И, в такт покачиваясь, единственная дорога,
как ни извилиста, а все приведет сюда –
к двум тонким ниточкам от острога до Бога,
до окончательного приговора суда.
Сирень бушует над кладбищенскою оградой,
в колючей проволоке стены тюремной излом.
Прости нас, Господи. А миловать нас не надо.
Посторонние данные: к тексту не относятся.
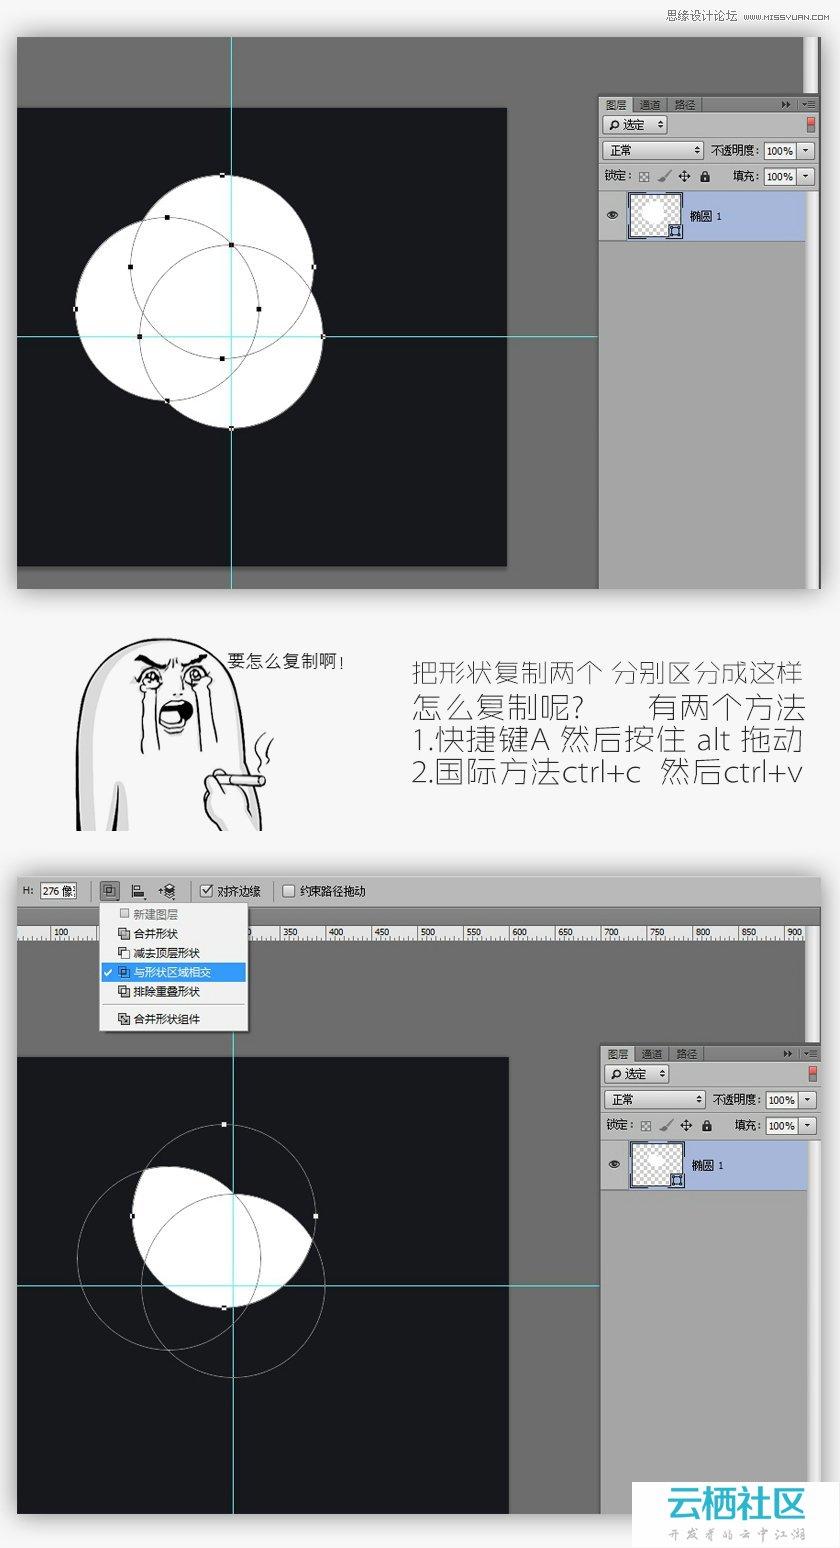 Photoshop绘制立体风格的快门镜头图标-photoshop绘制平面图

Все с нами правильно. Все будет нам поделом.
АПОЛЛОН ГРИГОРЬЕВ
«Ведь надо и обедать иногда», — являлась мысль.
Душа его томилась.
Куда пойти? Он вспоминал — куда.
Решительно, звезда его затмилась!
Горбун-шарманщик с самого утра
крутил свою шарманку в том подвале,
где шла игра, кутили шулера,
но в долг опохмеляться не давали.
Он вслушивался: песня хороша!
И боль свежа, и сердце благородно.
И — будь там что угодно, а душа
доверчива должна быть и свободна.
Он — не цифирь! Он — вольный человек!
Он — веянье! По гегелевской схеме —
чистейший вздор. Он в этот жалкий век
не хочет быть ни с этими, ни с теми.
Пускай Дудышкин, метя в эмпирей,
ученую затеет перебранку.
Но чем тянуть волынку, ей-же-ей,
не лучше ль вспомнить старую шарманку!
Давай, умри, шарманщик, но играй —
потрафь пропащим пьяницам и нищим!
Замри, замри, замри, вороний грай,
над крепостью, над Волковым кладбищем!
Еще не все! Владеющий пером,
просящему — без тени униженья —
за двадцать пять копеек серебром
еще он может сочинить прошенье!
Еще он тверд — с родного перевесть
на их — на петербургский, на воловий,
что можно в этой крайности и счесть
за первый шаг к слиянию сословий.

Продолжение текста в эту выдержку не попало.